Note: Alternative solution:
We have $\sin A=\dfrac{1}{2}$
Hence ${{\sin }^{2}}A+{{\cos }^{2}}A=\dfrac{1}{4}+{{\cos }^{2}}A=1$
Hence we have $\cos A=\pm \dfrac{\sqrt{3}}{2}$
Now since cos is negative in second quadrant, we have \[\cos A=\dfrac{-\sqrt{3}}{2}\]

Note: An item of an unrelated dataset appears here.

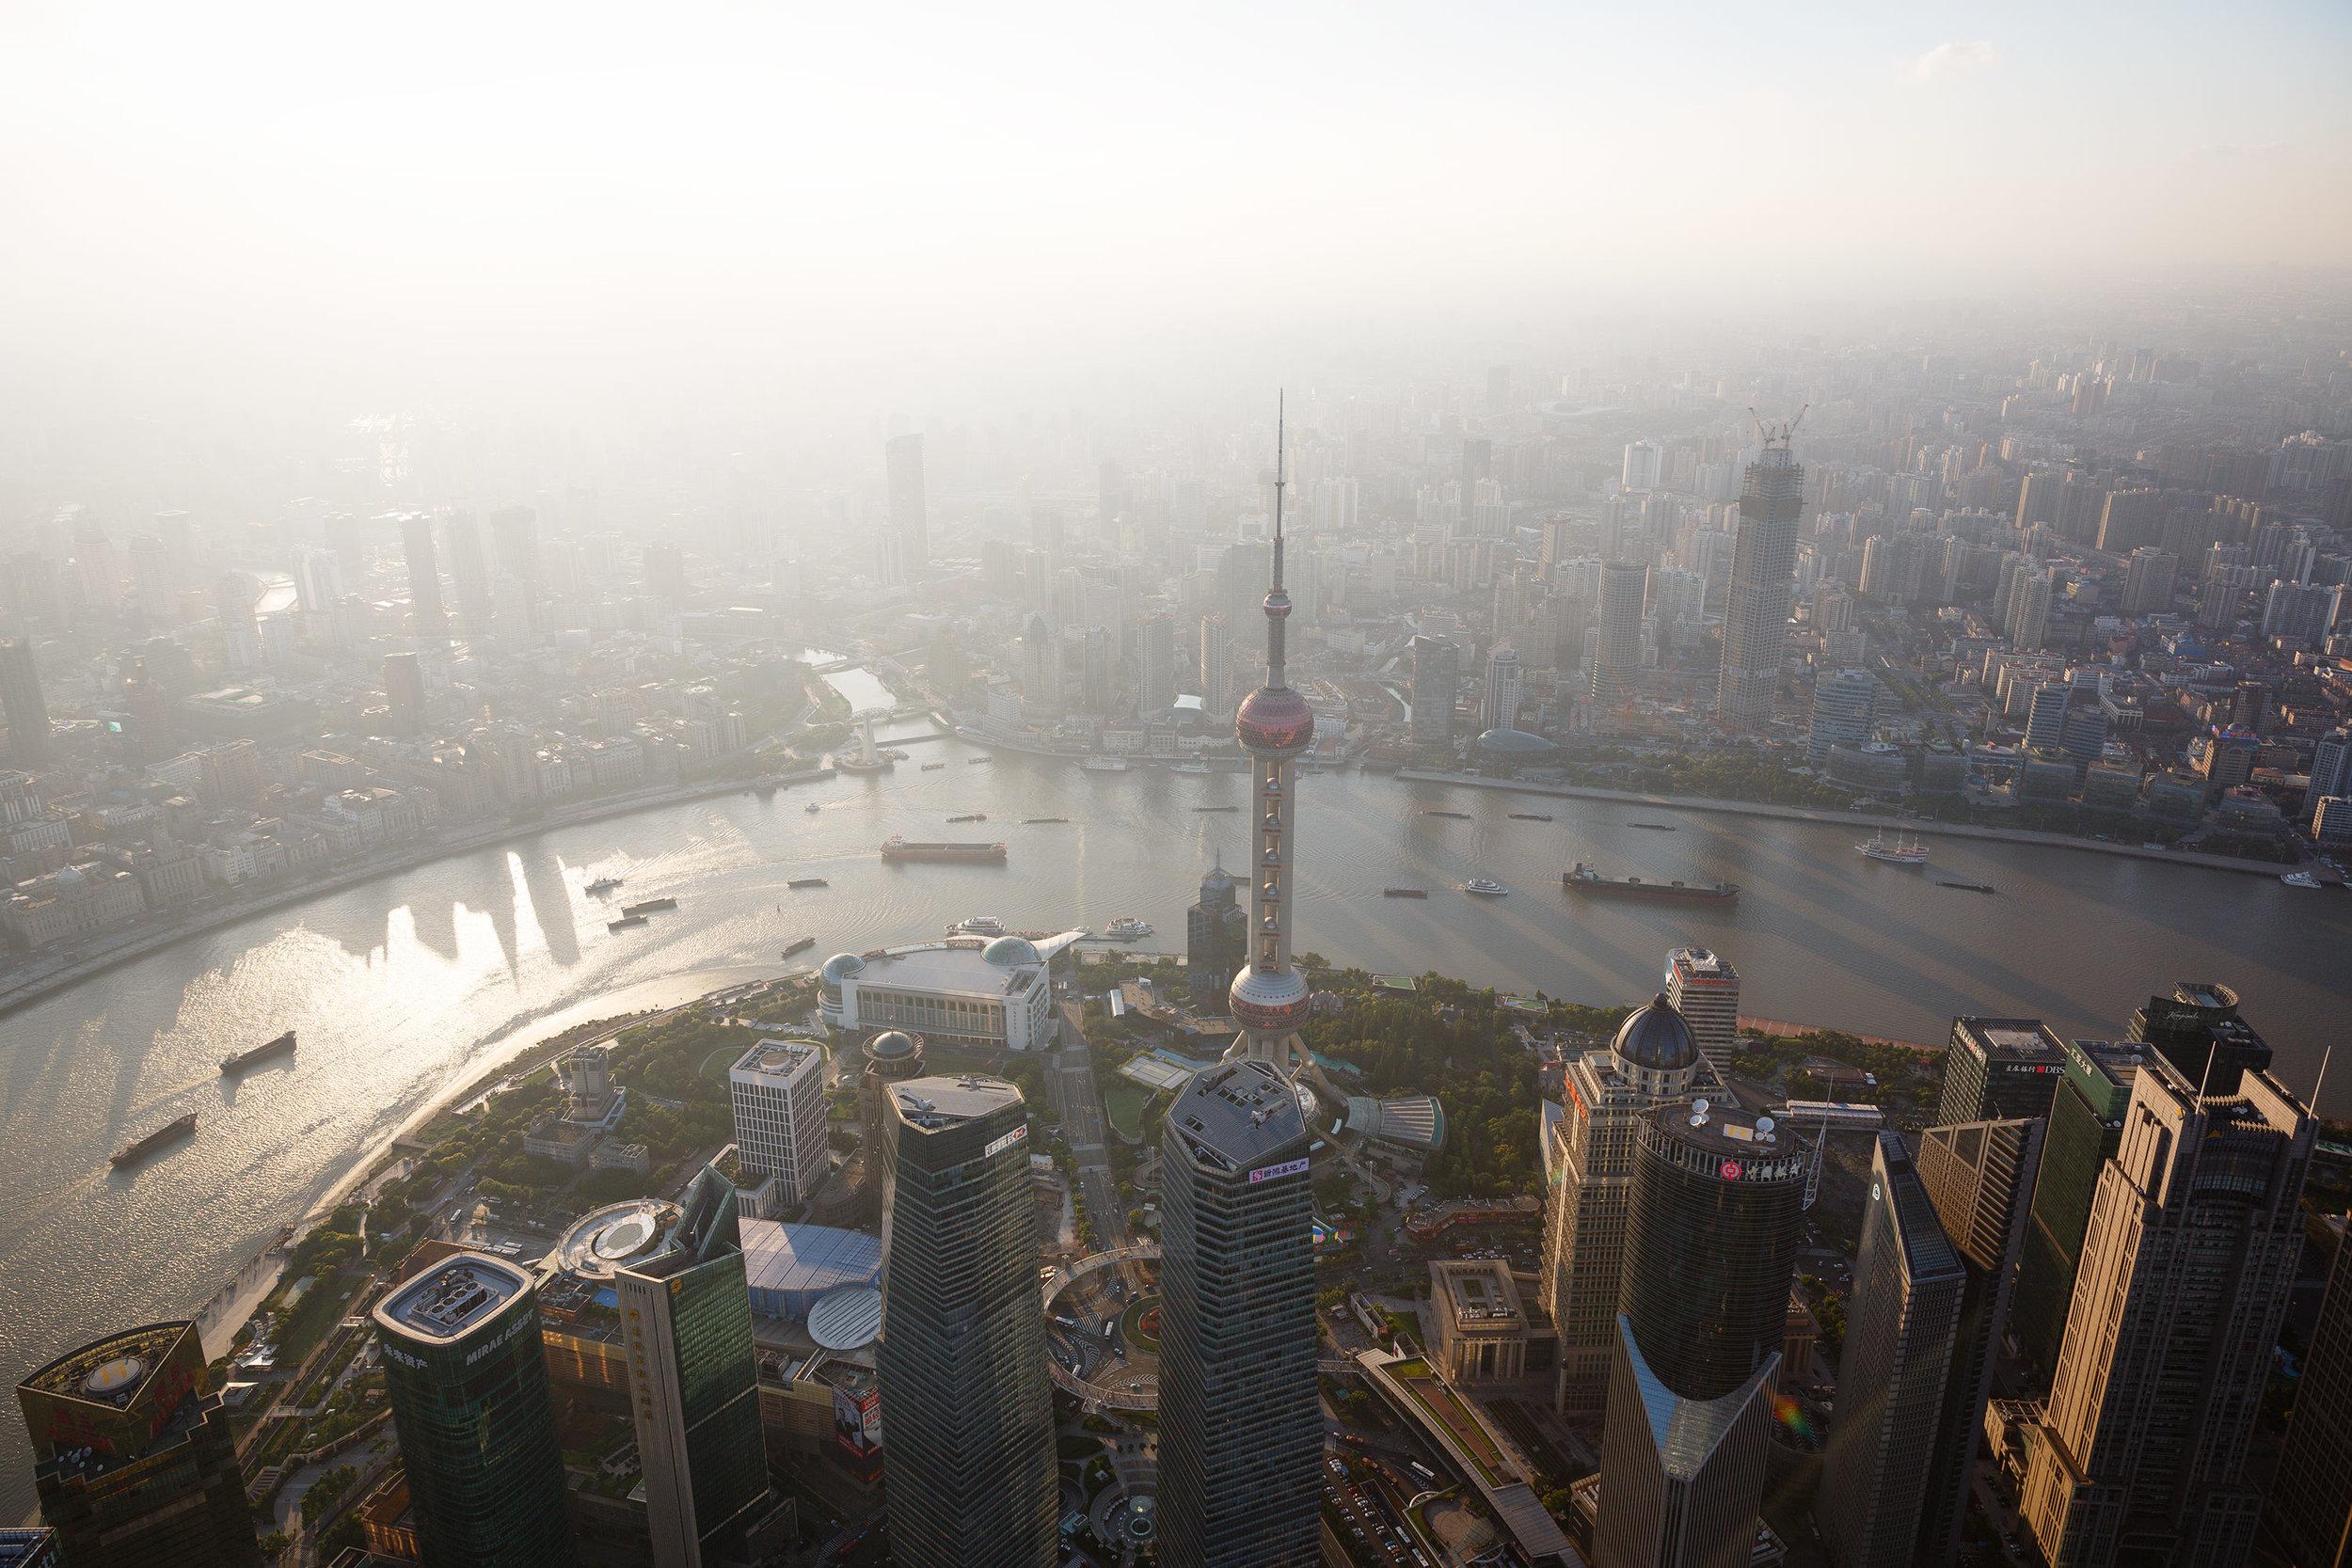 26_20140709_Shanghai_Tower_NS_05344-2.JPG

Similarly, we have $\sin B=\dfrac{1}{2}$
Now we have $\sin \left( A+B \right)=\sin A\cos B+\cos A\sin B=\dfrac{1}{2}\times \dfrac{\sqrt{3}}{2}+\left( \dfrac{-\sqrt{3}}{2} \right)\dfrac{1}{2}=0$
Also, $\cos \left( A+B \right)=\cos A\cos B-\sin A\sin B=\dfrac{-\sqrt{3}}{2}\dfrac{\sqrt{3}}{2}-\dfrac{1}{2}\dfrac{1}{2}=-1$
Hence $\tan \left( A+B \right)=\dfrac{\sin \left( A+B \right)}{\cos \left( A+B \right)}=\dfrac{0}{-1}=0$, which is the same as obtained above,
[2] You can remember the sign of each trigonometric ratio in each quadrant with the mnemonic:
“Add Sugar To Coffee”
Add: All positive in the first quadrant
Sugar: Sine and Cosine(Inverse of sine) positive in the second quadrant.
To: Tangent and Cotangent positive in the third quadrant.
Coffee: cosine and secant positive in the fourth quadrant.